The GOODS backend uses a large number of diverse batch-processing jobs to collect information from a variety of systems and to add and update new information into the GOODS catalog. This diversity of jobs is a consequence of our post-hoc approach: we collect information from many diverse corners of the Google’s internal infrastructure. Each job includes one or more modules, such as crawlers or analyzers. Different GOODS modules have different characteristics that influence how modules are grouped together in jobs, and how jobs are scheduled. Next we discuss some of these characteristics and a few rules of thumb that we followed to design and optimize the GOODS backend.

First, not all GOODS modules are critical for the smooth functioning of the system. For example, modules that identify the existence of datasets and extract metadata on who owns and who can access the datasets are critical to ensure that the state of the system is fresh and that any changes in access control for the datasets are reflected accurately. On the other hand, modules like schema analyzer that identifies the schema of a dataset — while useful — are not as time sensitive. Therefore, we explicitly allocate more resources to jobs that include critical modules, and schedule non-critical jobs using spare resources.

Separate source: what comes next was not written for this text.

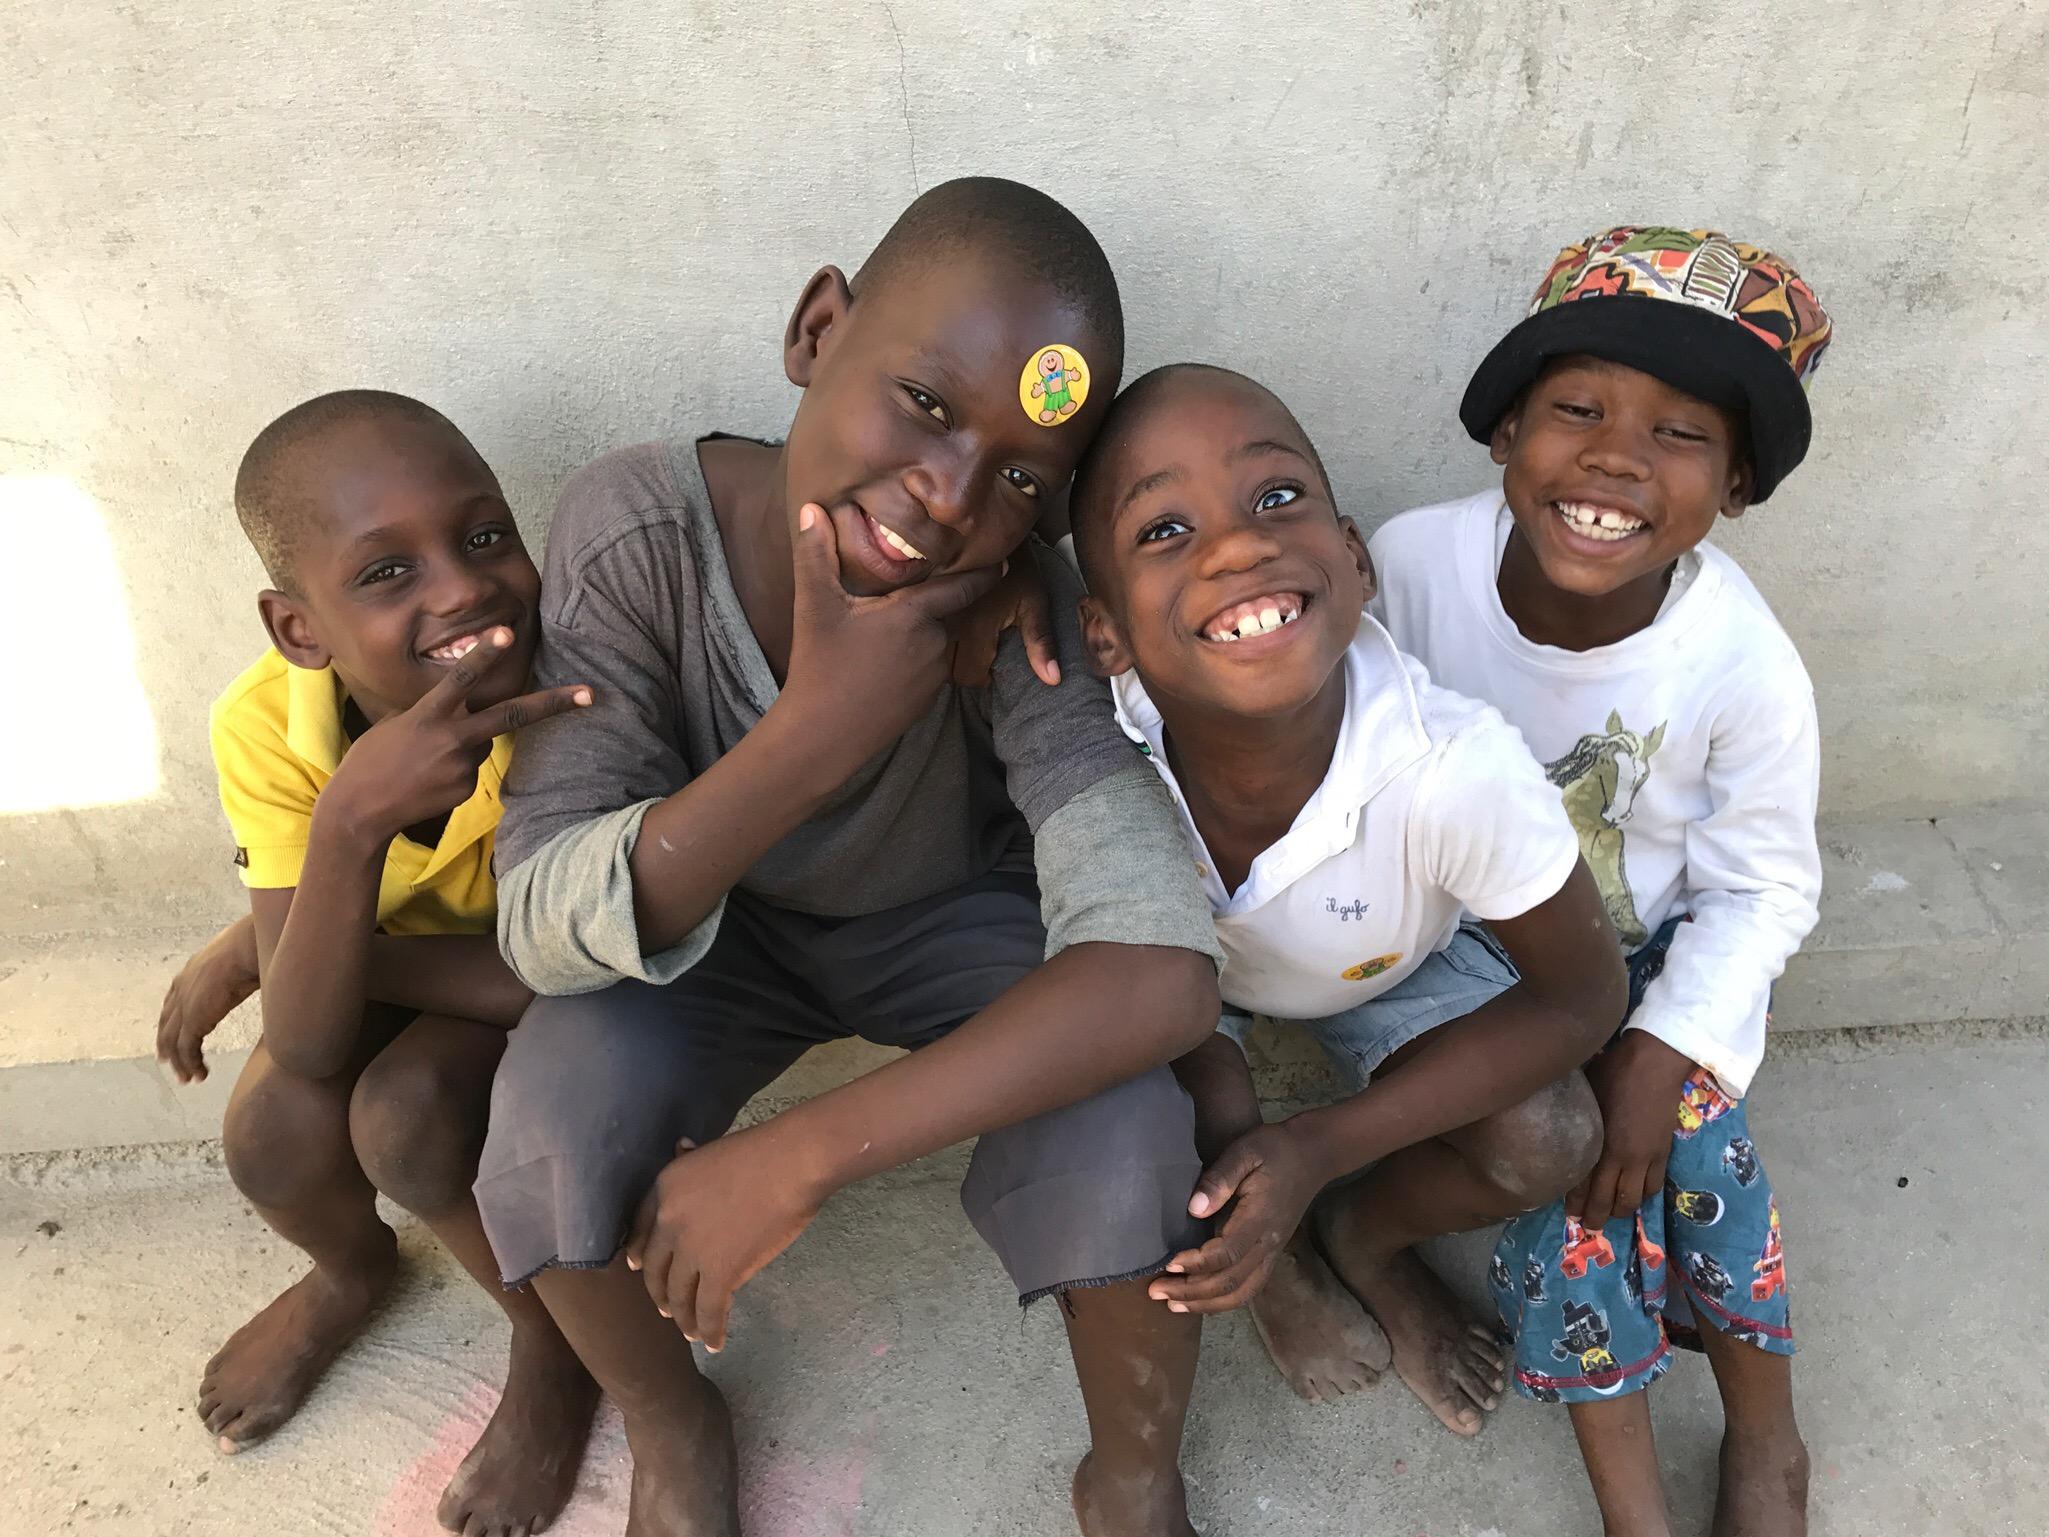 Haiti img 2670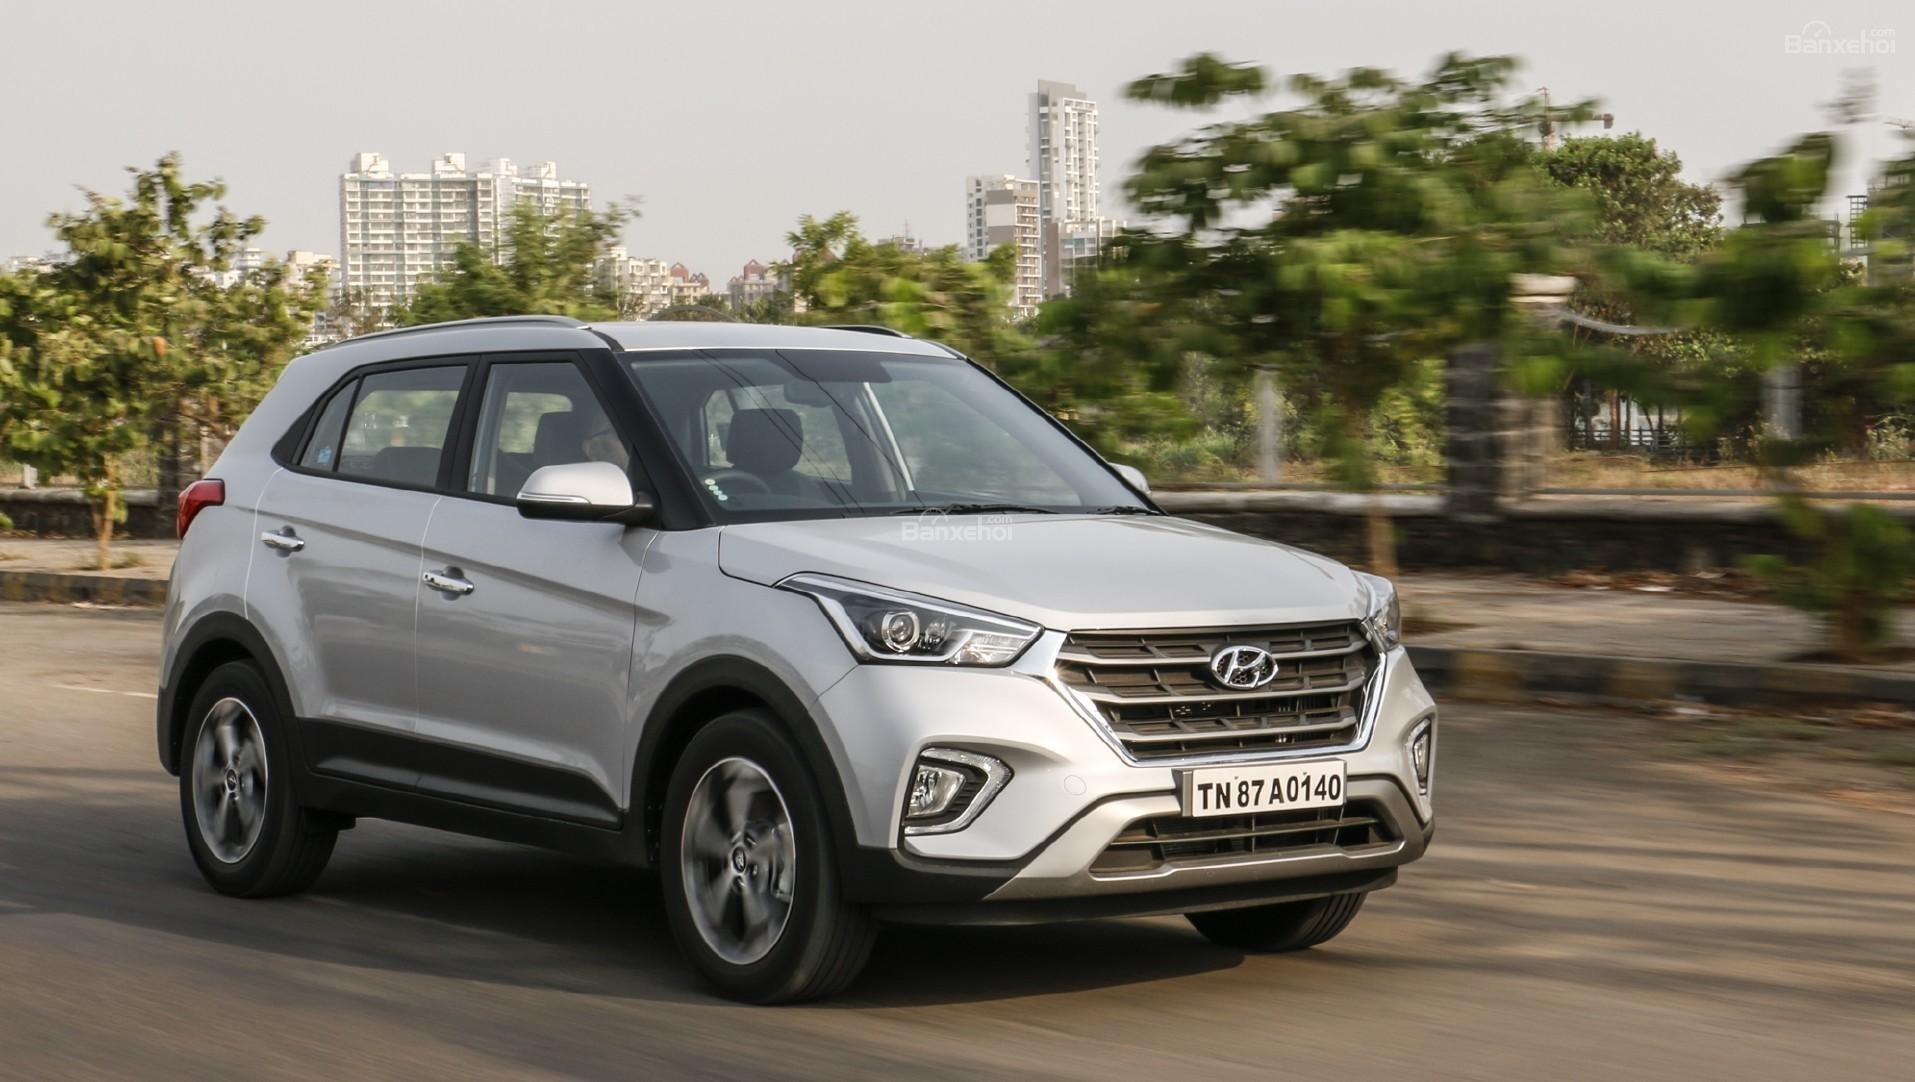 Đánh giá xe Hyundai Creta 2018: Bản nâng cấp đáng tiền z

Second, certain modules may depend on successful run of other modules. For example, a fingerprint analyzer uses the schema identified by the schema analyzer to compute column level fingerprints. Grouping together dependent modules into the same job enables dependent modules to check the status of the all modules they depend on and take an informed decision. While all GOODS modules store the status of execution for each dataset in the catalog itself to avoid repetitive work on failure and between different instances of the same job, grouping dependent modules reduces the overall number of bytes read from the persistent storage backend.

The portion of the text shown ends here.